→ TASK DETAILS
Take the line with "Cloth mini bag" and every line after it, through the end of the listing, and give them again exactly, pictures excluded.

→ PROVIDED DATA
'''

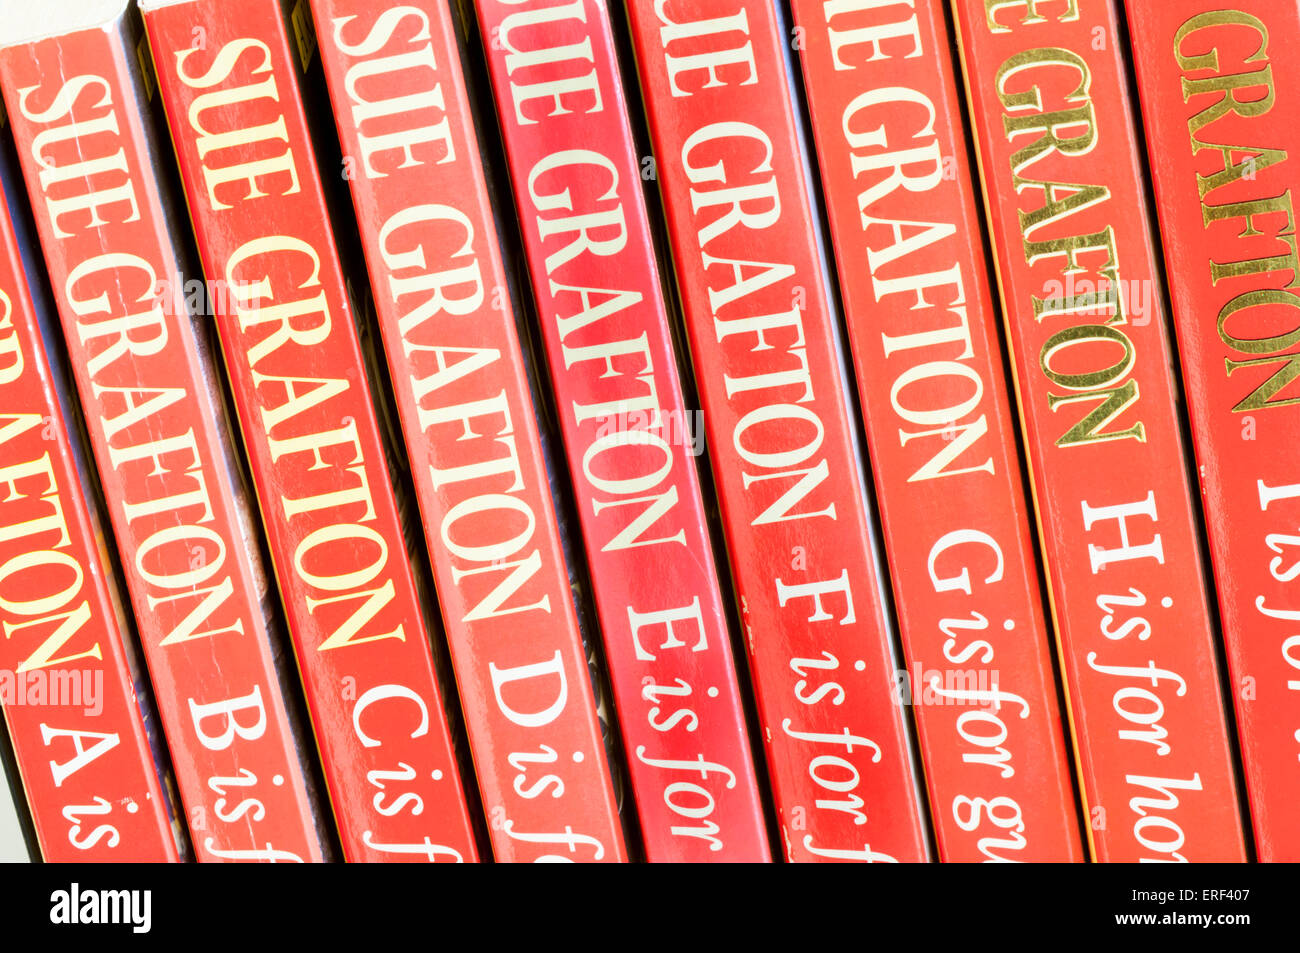 Le premier livre de volumes de Sue Grafton's alphabet série de romans policiers mettant en vedette Kinsey Millhone. Banque D'Images
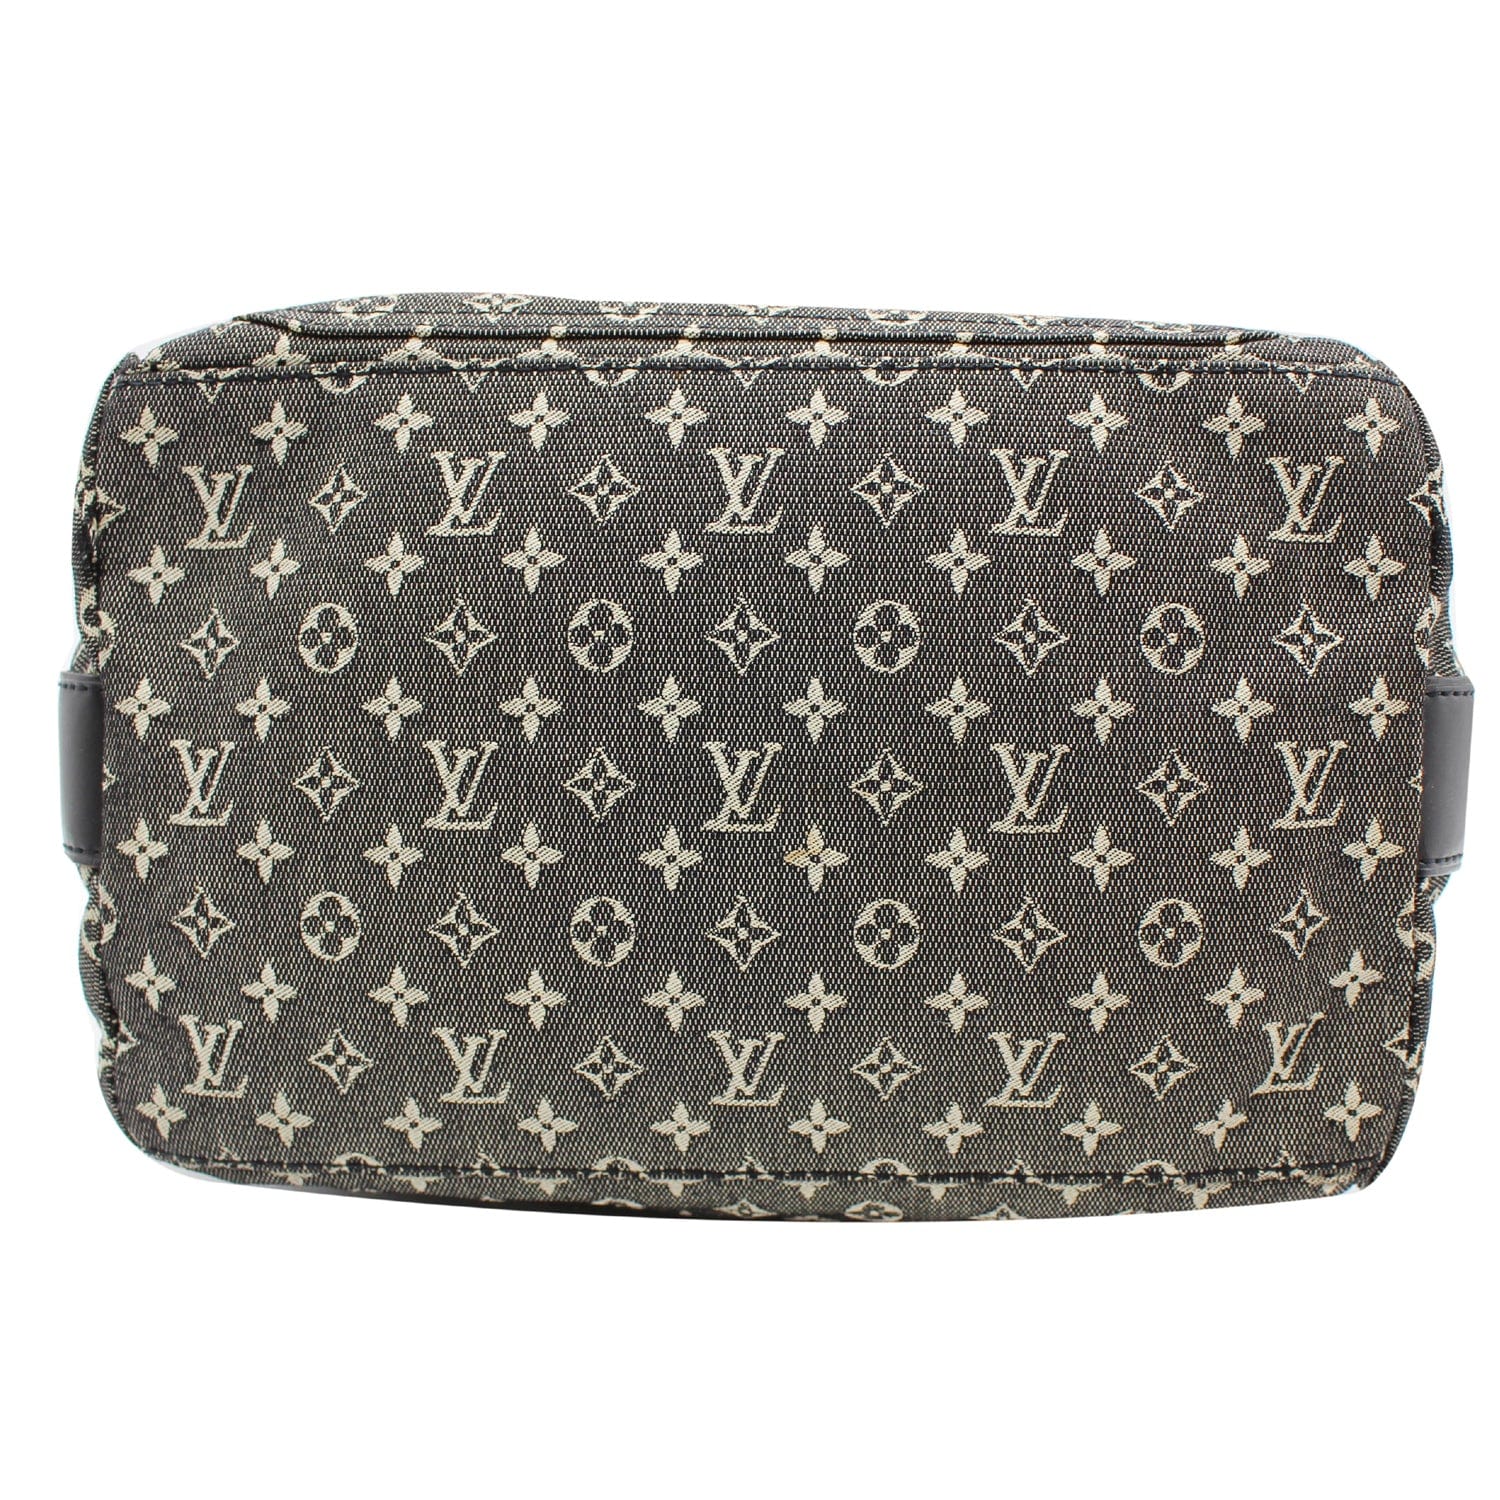 Cloth mini bag Louis Vuitton Black in Cloth - 24519076
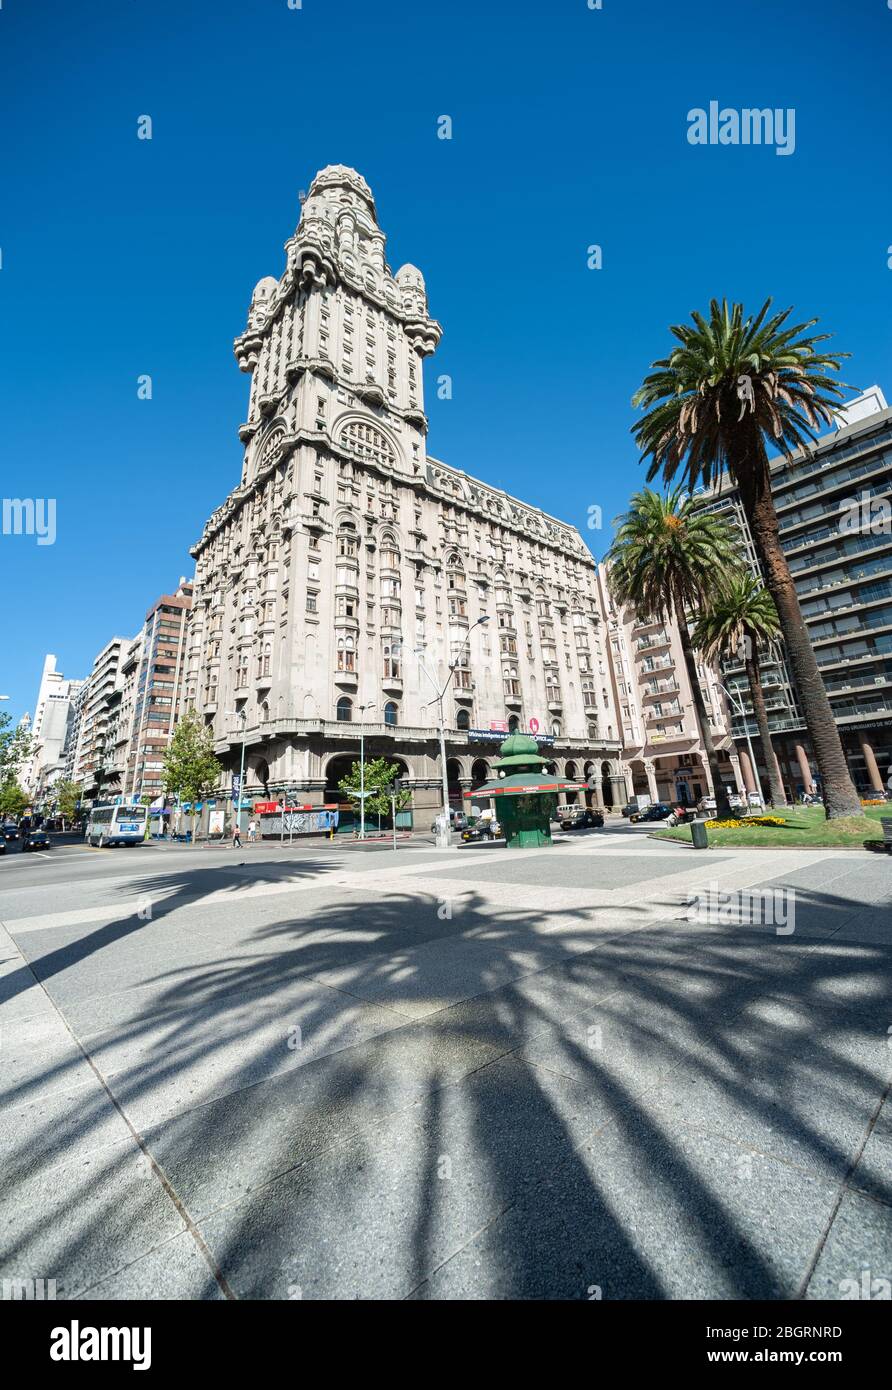 Montevideo, Uruguay - 10 mars 2013 : vue sur la place principale de la ville et un bâtiment emblématique de l'Amérique du Sud, le palais Salvo Banque D'Images
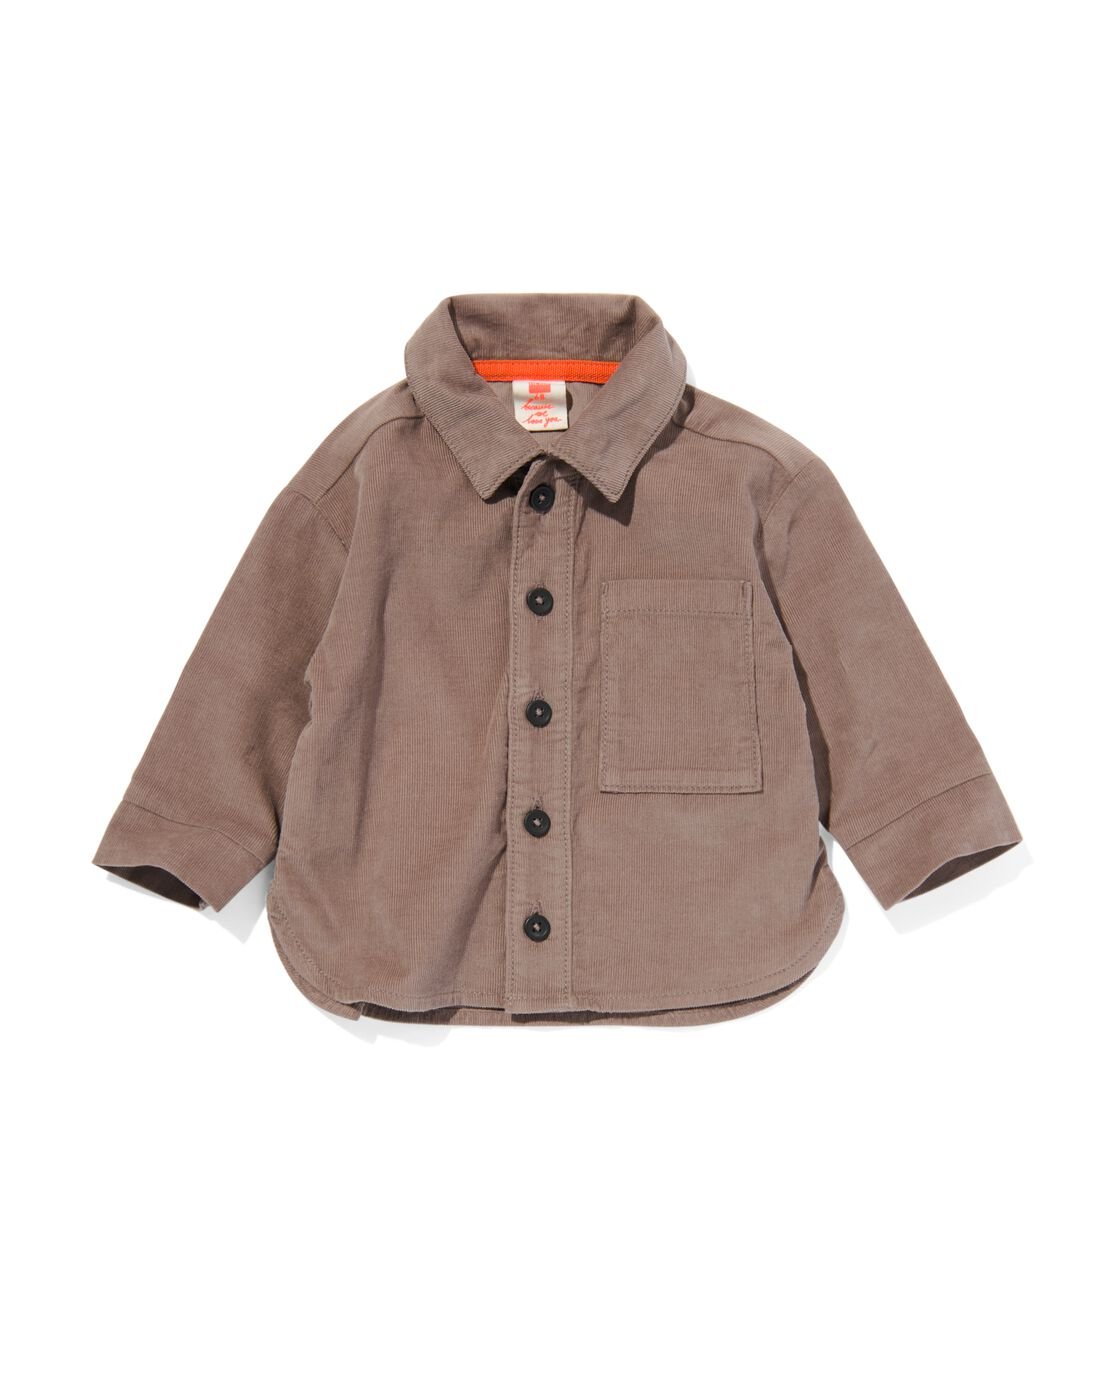 HEMA Baby Overhemd Rib Corduroy Bruin (bruin)

'''

→ EXERCISE RESULT
 Cloth mini bag Louis Vuitton Black in Cloth - 24519076
 Montevideo, Uruguay - 10 mars 2013 : vue sur la place principale de la ville et un bâtiment emblématique de l'Amérique du Sud, le palais Salvo Banque D'Images
 HEMA Baby Overhemd Rib Corduroy Bruin (bruin)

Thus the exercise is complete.